Repeat the lines below exactly as they appear, but leave out the images.
═════ SUPPLIED MATERIAL ═════
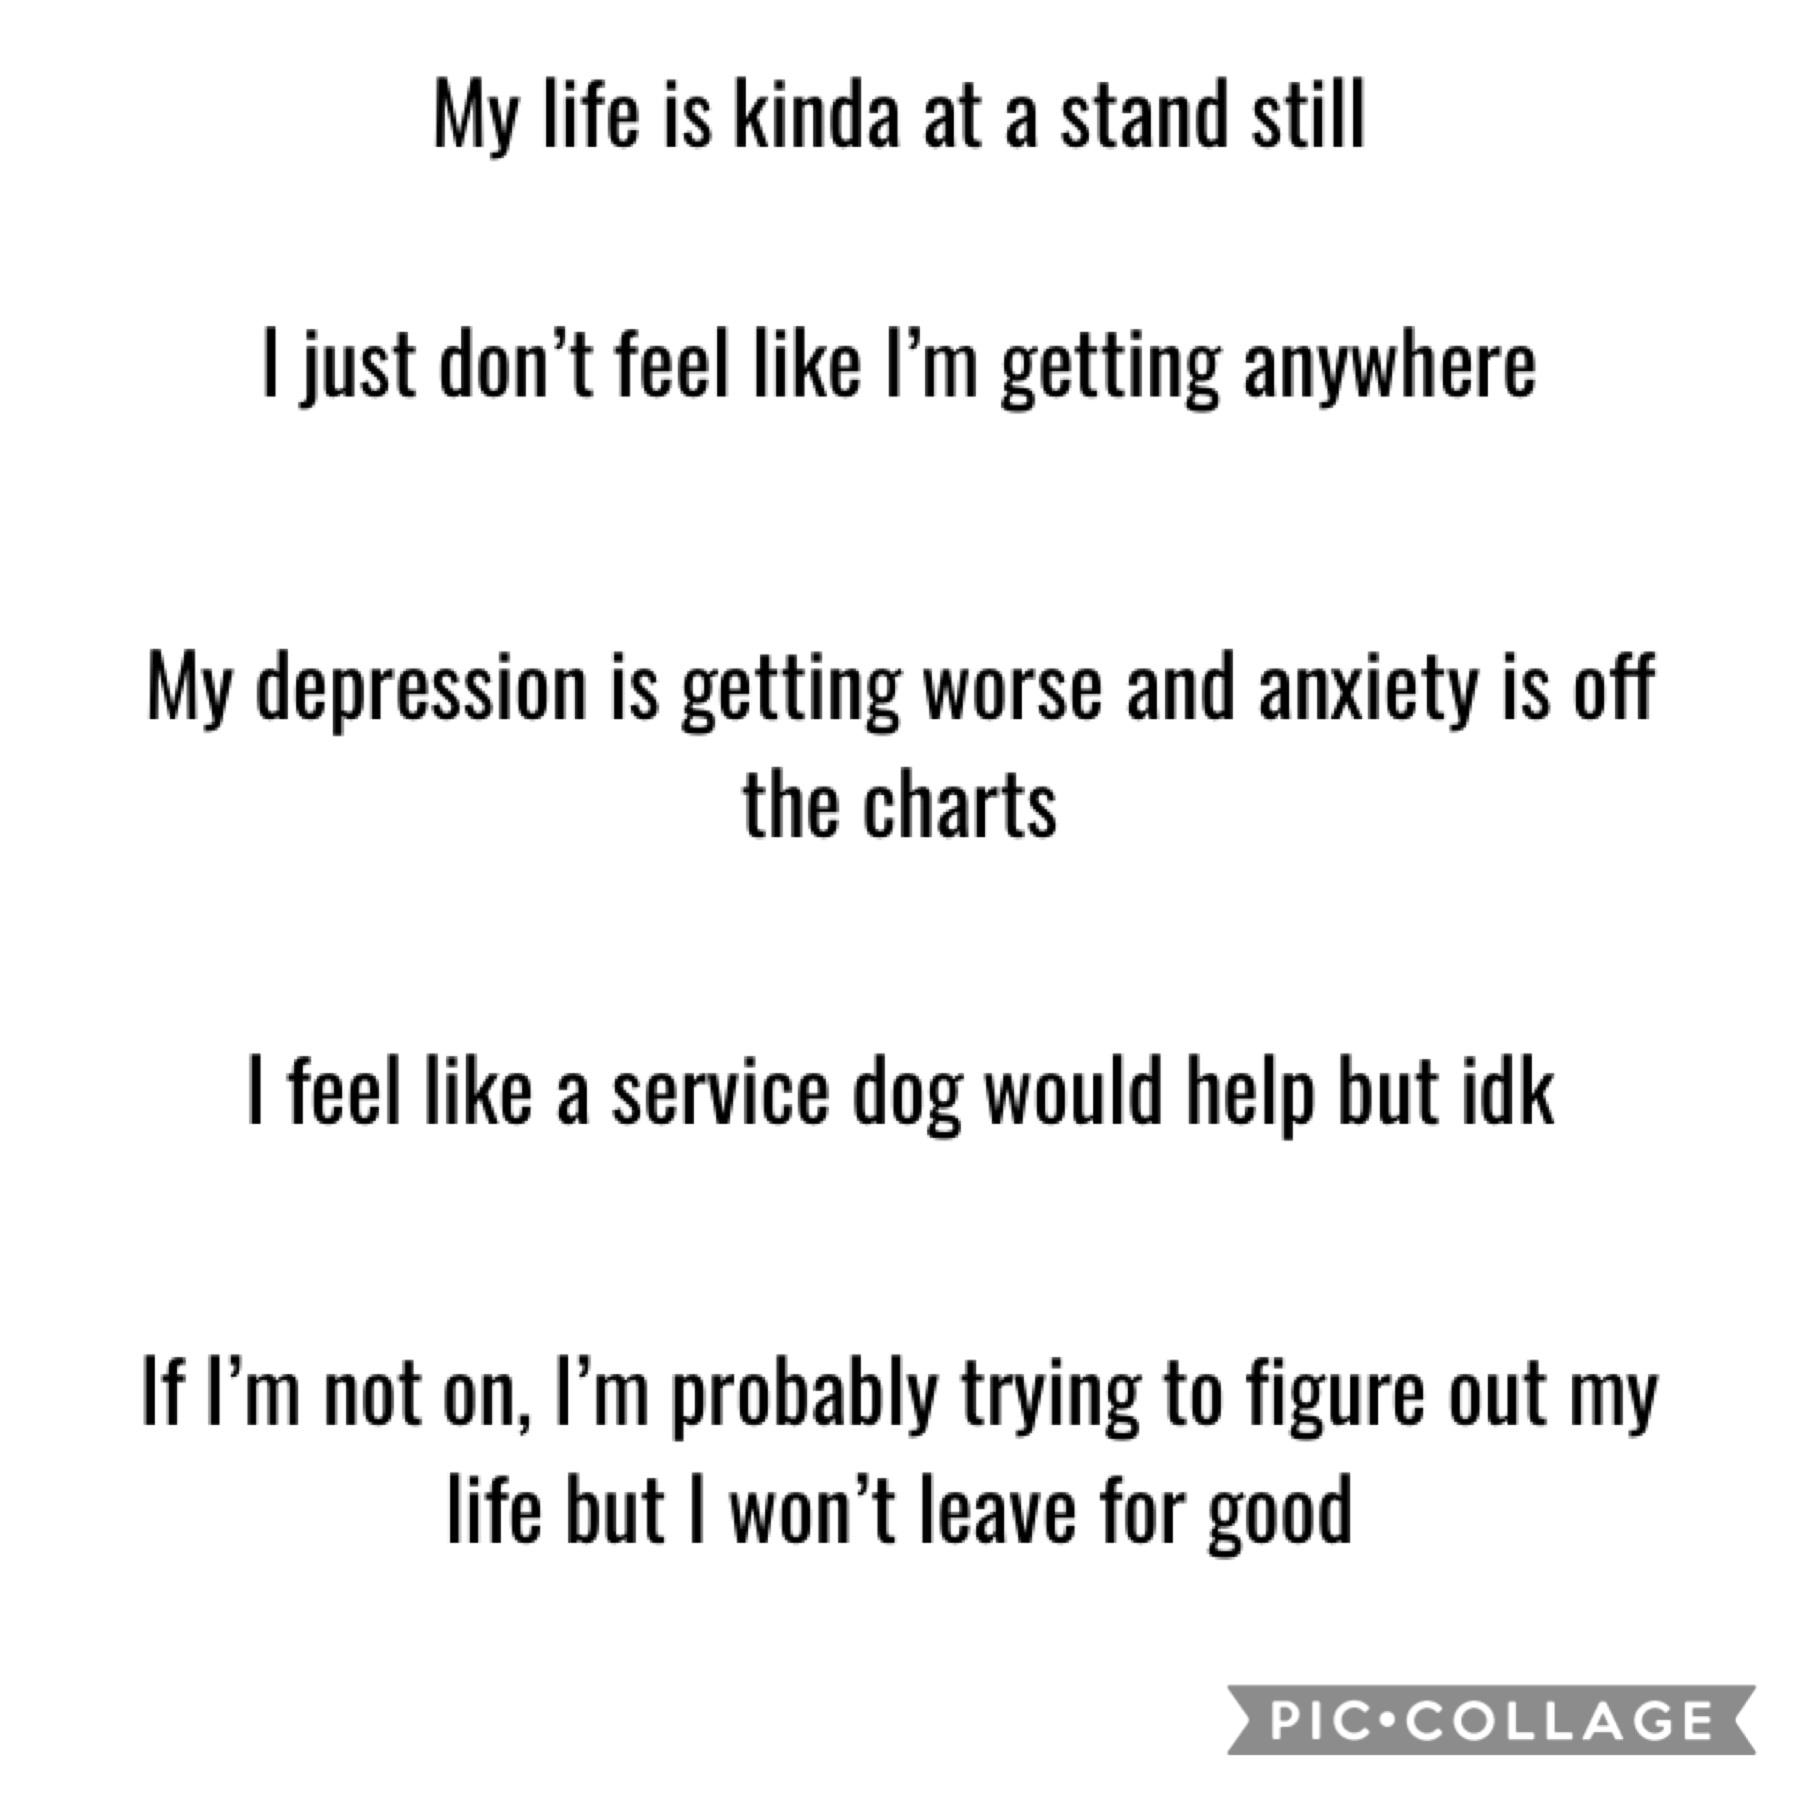 My life...🙁 depression sucks
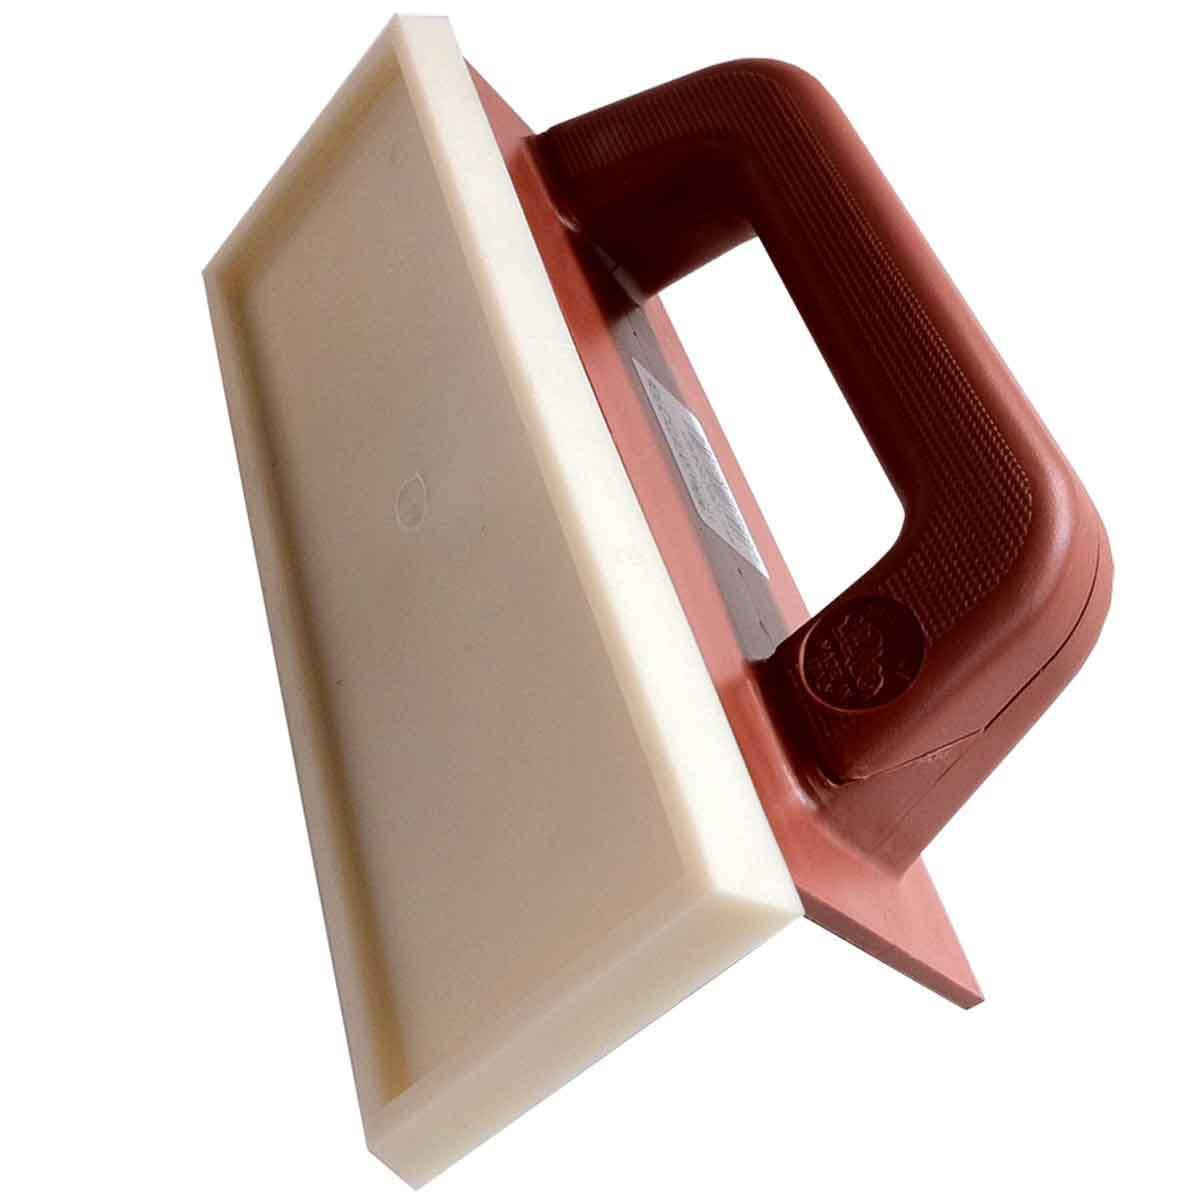 Raimondi Grout Float pad handle
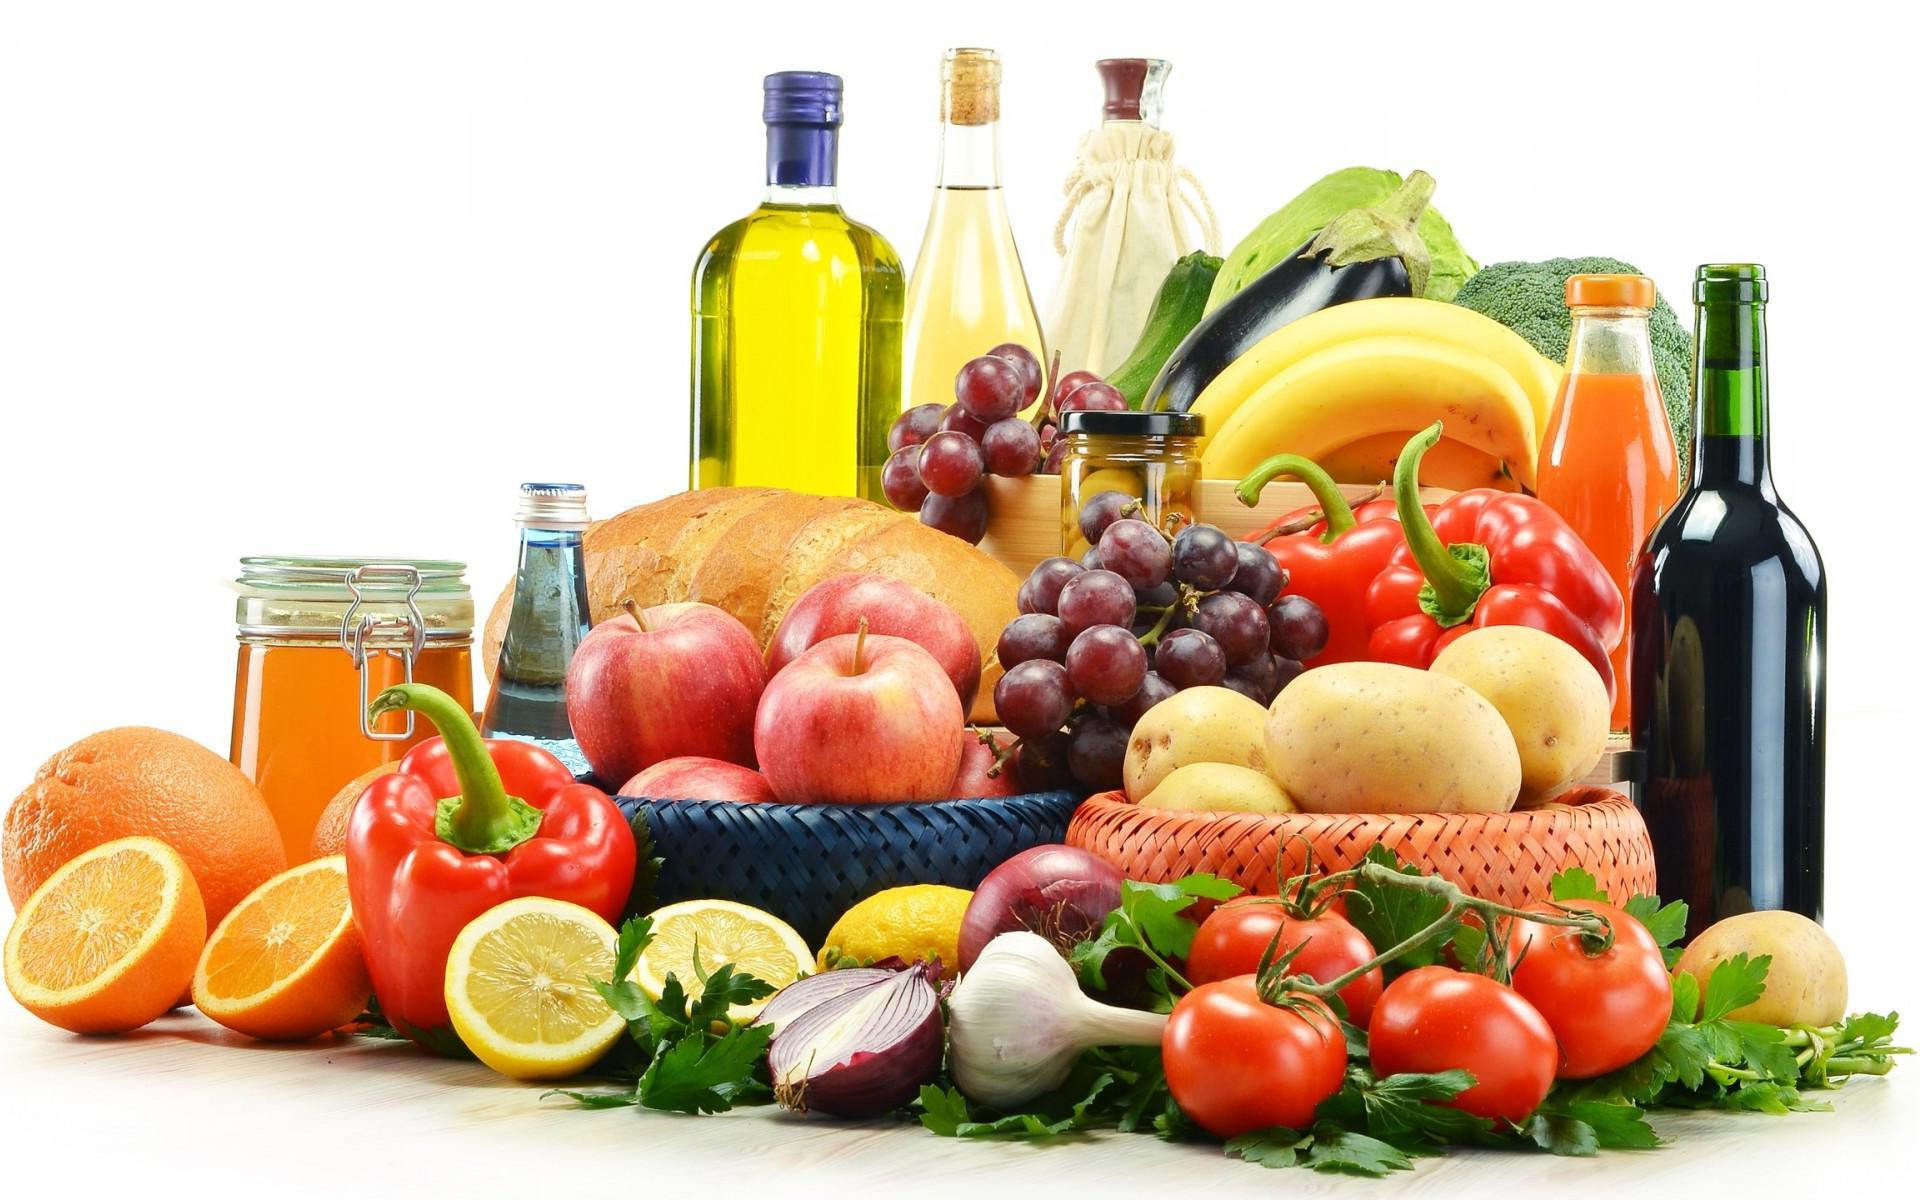 HD Desktop Healthy Food Wallpaper 7406 Wallpaper WallpapersTubecom 1920x1200
═════
**REPLY:**
 My life...🙁 depression sucks
 Raimondi Grout Float pad handle
 HD Desktop Healthy Food Wallpaper 7406 Wallpaper WallpapersTubecom 1920x1200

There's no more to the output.